Des Hasler’s outburst a symptom of a sick system
Every week we are seeing more and more bad decisions by the refs, both on the field and in the video box. Not only are the decisions poor, but there is no consistency with interpretation of the rules.
When a player puts in consistently bad performances, they have to answer to their coach. When the coach comes under criticism, it is the board who make the call.
But who polices the police? Who do the refs answer to? Bill Harrigan is supposed to keep these guys in check and get them to be the best he can but from what I can see, that is obviously not happening.
Since the start of the season we have been talking about bad calls, missed calls and inconsistency. Even outside of match time, the judiciary has been all over the place when it comes to the penalties they are handing out.

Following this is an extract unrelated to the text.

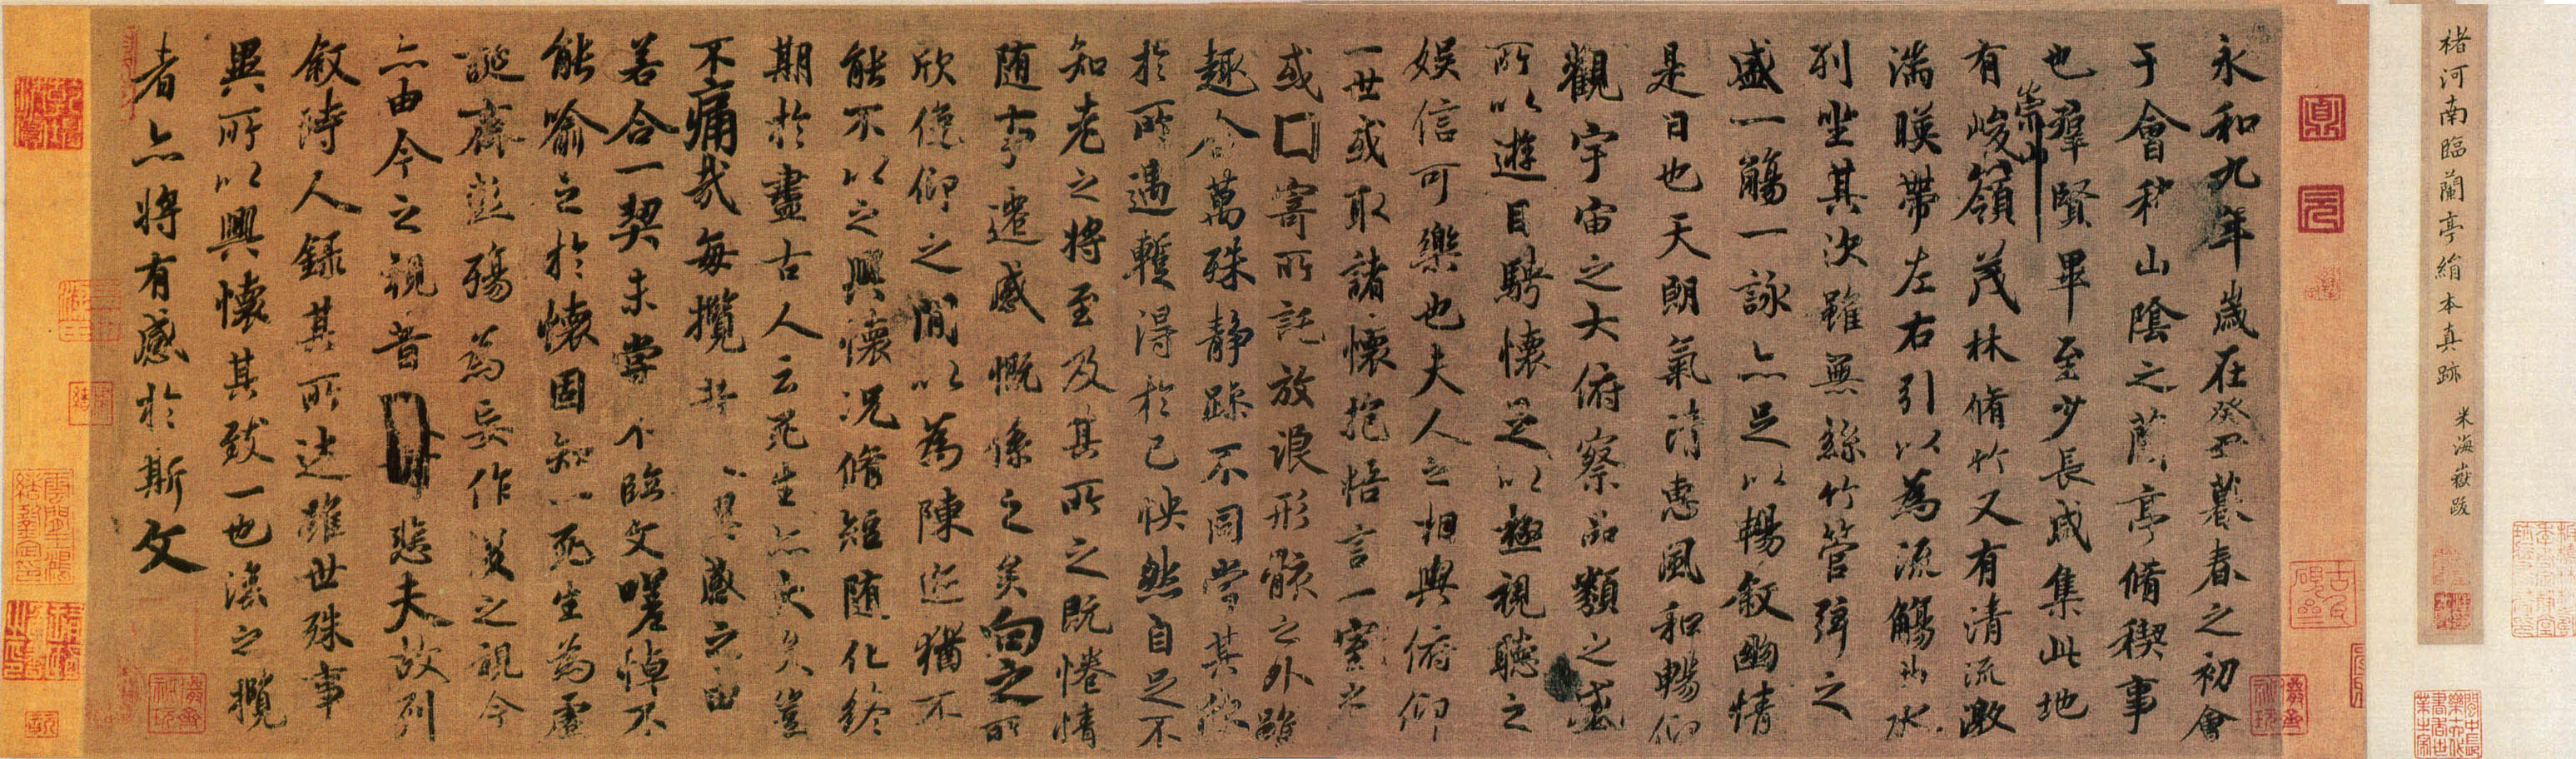 褚遂良《临兰亭序》卷-台北故宫博物院藏(图1)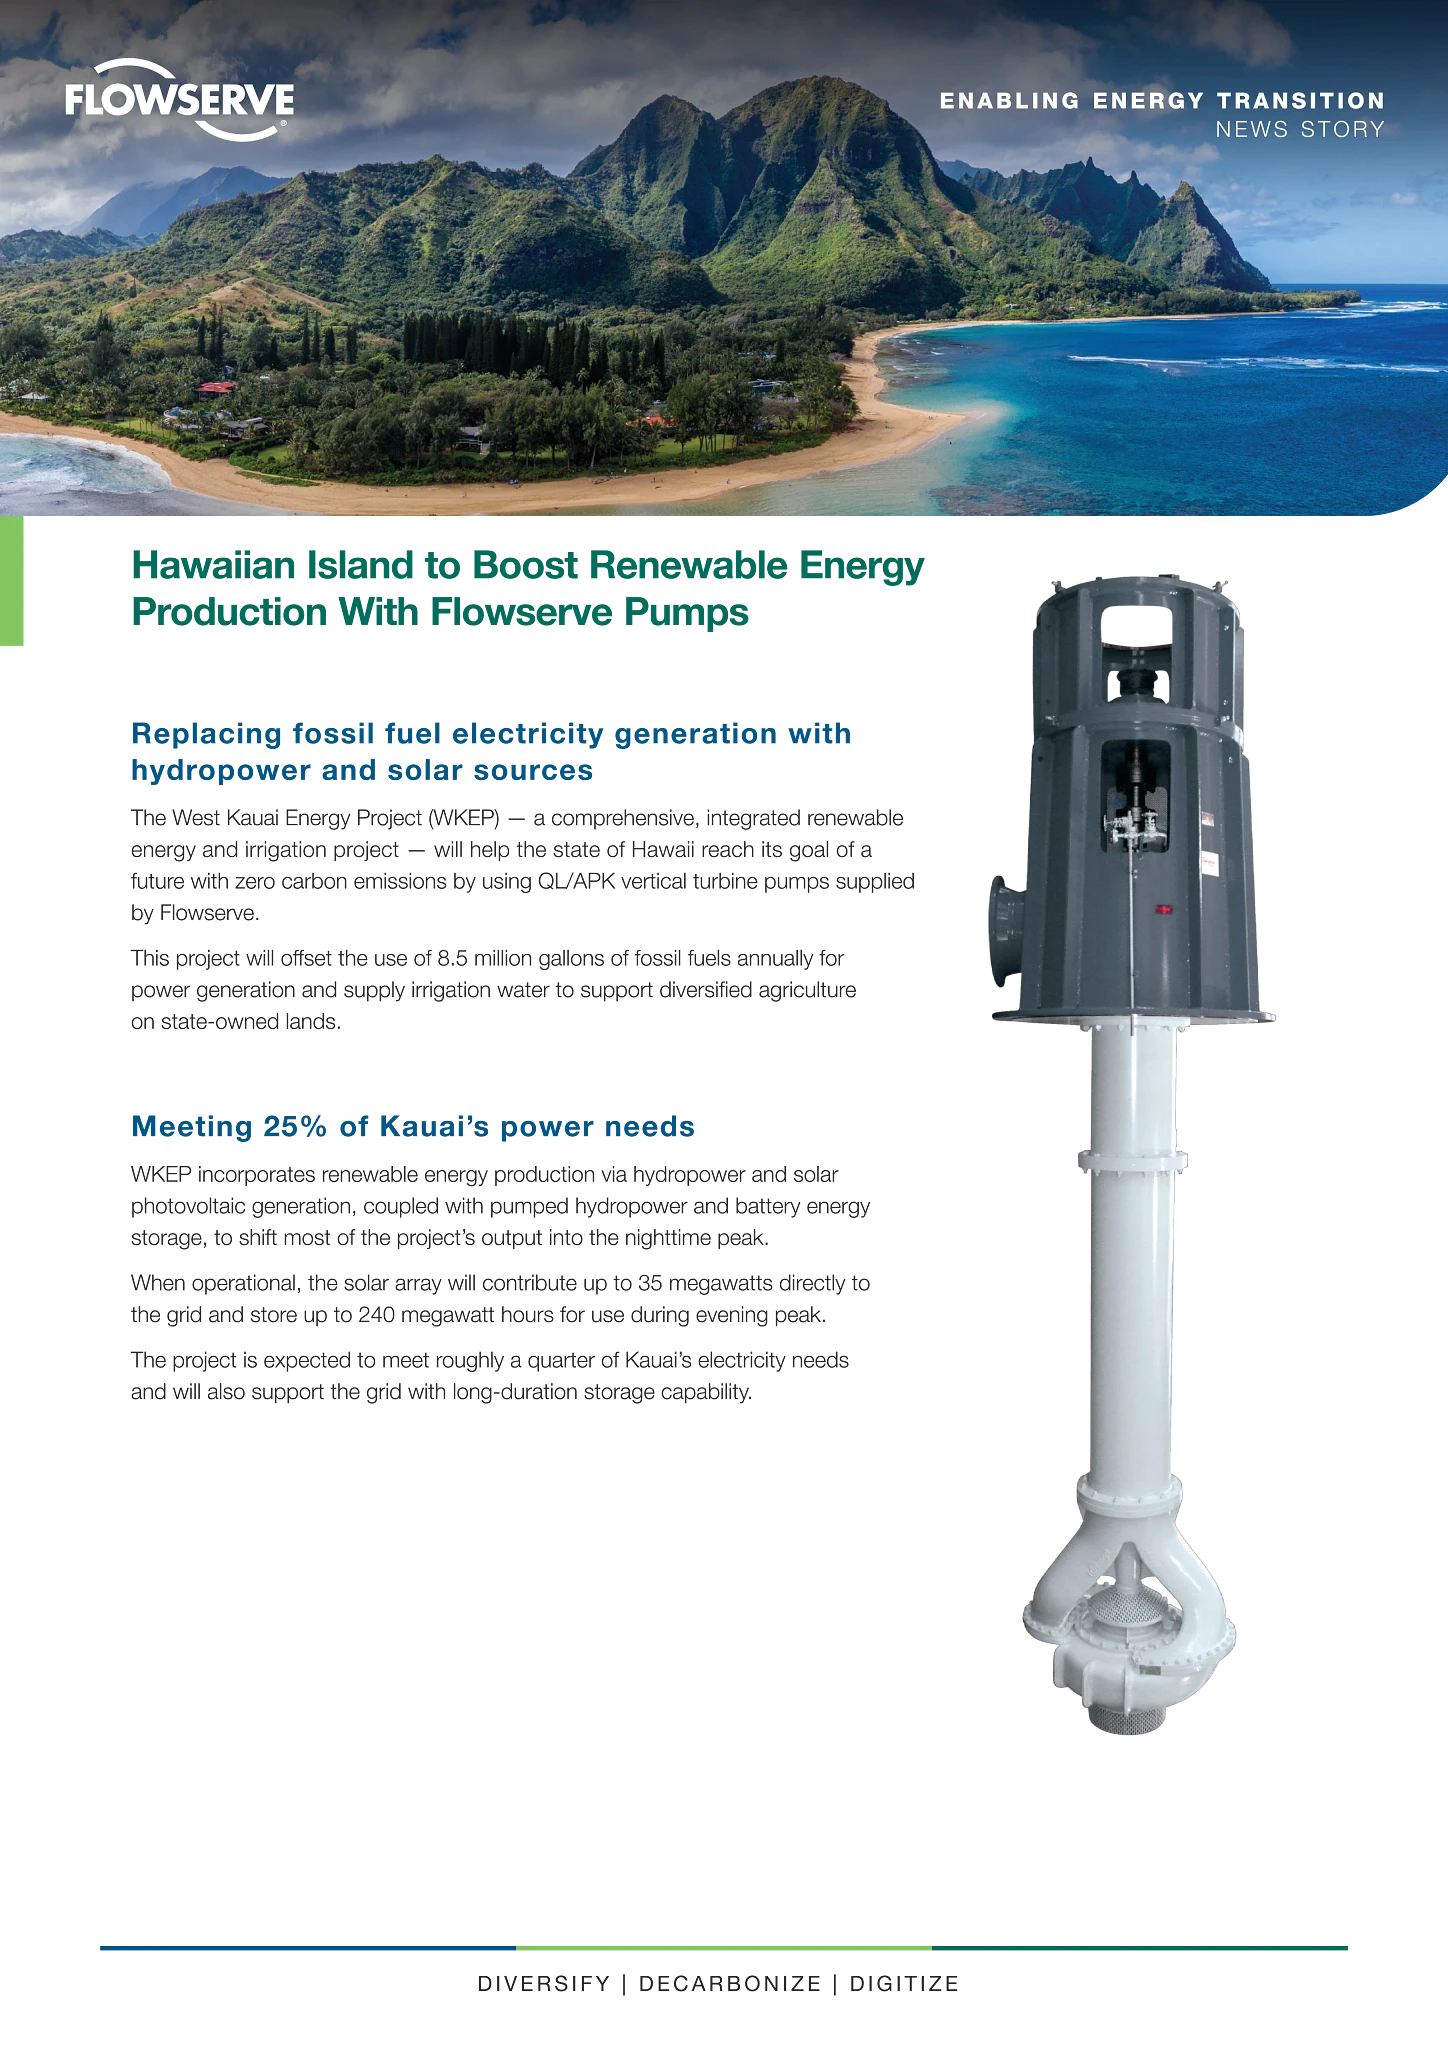 夏威夷岛利用Flowserve泵促进可再生能源生产

A player’s profile should not matter when they come before the judiciary. However, it seems that the more well known a player is, the lesser their sentence is.
And this has been happening at the highest levels of the game – some of the calls in Origin this year were the worst of the bunch.
What’s happening, Billy?
Yes being a ref is a hard job. No one doubts that. But it is their responsibility to get the calls right or as close to right as possible.
I don’t think I have heard as many complaints by coaches since Greg Hartley and the Grasshopper.
When fans pay good money to go and see their team play they want the players to decide who wins the game, not the match officials.
In too many matches recently, the momentum of the game has completely changed due to a bad call.
And with the $10,000 punishment handed out for questioning match officials, it is hard to get a constructive debate going about how to fix these obvious issues.
Top coaches and players should be able to ask “what is going on?” without fear of punishment.
It seems that, under our current structure, referees are untouchable, no matter how many mistakes they make.